The GPR75 gene encodes a transmembrane protein belonging to the G protein-coupled receptor (GPCR) family. This receptor is primarily expressed in the brain, particularly enriched in the cilia of hypothalamic neurons that regulate appetite. It couples with Gαq proteins to activate downstream signaling pathways (such as MAPK, NF-κB, etc.), participating in the regulation of energy balance, feeding behavior, and fat metabolism ^[1-2]. The encoded protein comprises 540 amino acids with a typical 7-transmembrane structure. Upon binding with ligands like 20-hydroxyeicosatetraenoic acid (20-HETE), it can trigger physiological effects such as inflammation, vasoconstriction, and lipid accumulation ^[2-3]. Research has found that loss-of-function or mutations in GPR75 (e.g., the L144P variant) can significantly reduce body weight and fat mass, resist high-fat diet-induced obesity and non-alcoholic fatty liver disease (NAFLD), and improve insulin sensitivity ^[3-4]. Furthermore, GPR75 mediates 20-HETE-induced cardiomyocyte apoptosis in the cardiovascular system, which is associated with hypertension and endothelial dysfunction ^[2-3]. In cancer, GPR75 may promote cachexia progression by regulating white adipose tissue browning ^[5]. Whole-exome sequencing has revealed that rare variants in GPR75 are closely related to low BMI and reduced obesity risk in humans, making it a promising therapeutic target for obesity, metabolic syndrome, and cardiovascular diseases ^[3].

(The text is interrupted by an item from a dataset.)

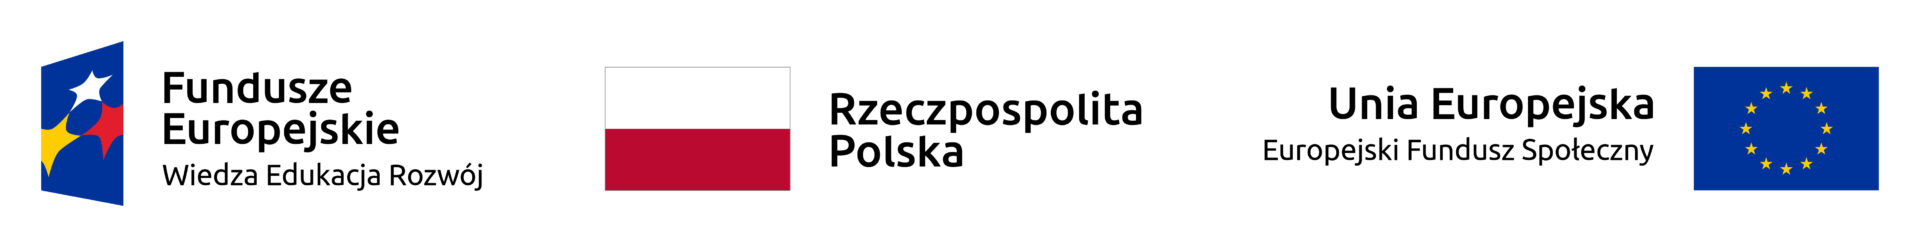 Logotypy: Fundusze Europejskie, flaga Polski, Unia Europejska.
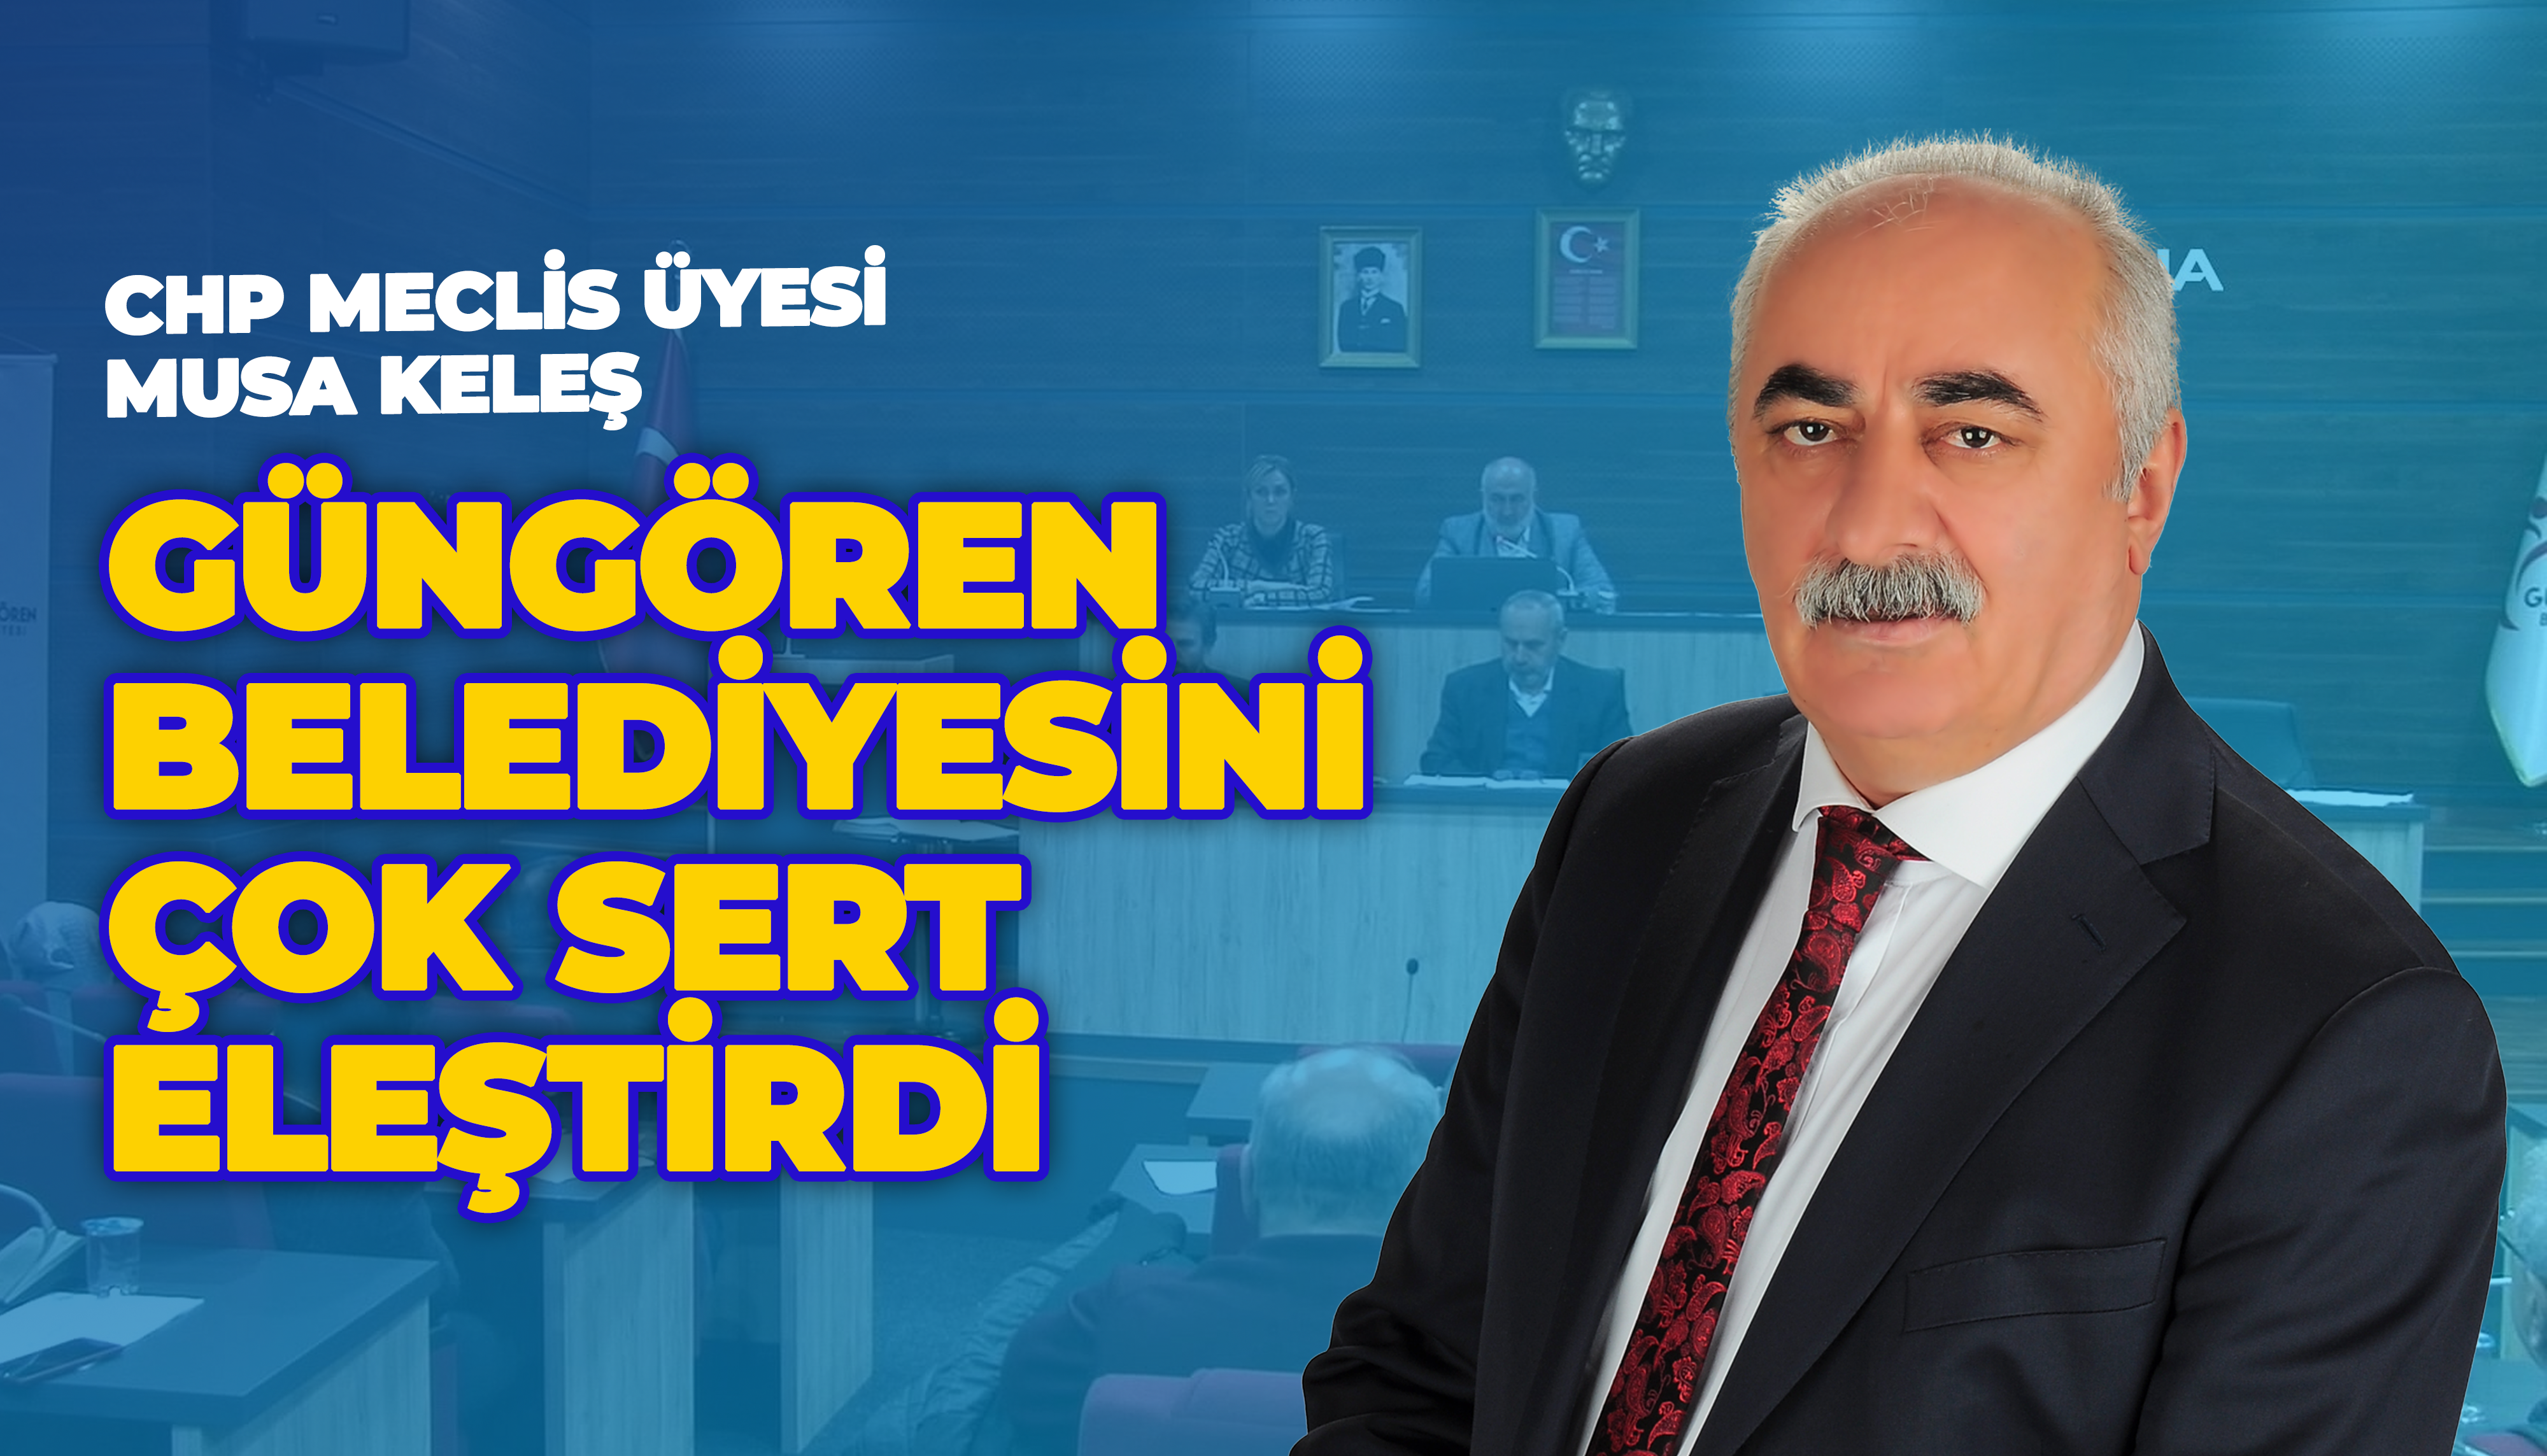 Musa KELEŞ, mecliste belediye yönetimine sert çıktı: Her şeyin hesabını vereceksiniz.

The Gpr75 KO mouse is a knockout (KO) model in which the exon 2 of the mouse Gpr75 gene (homologous to the human GPR75 gene) has been deleted via gene-editing technology. This model can be used to study the pathogenic mechanisms of diseases such as obesity, metabolic syndrome, and cardiovascular diseases, and to provide a basis for developing related therapeutic strategies.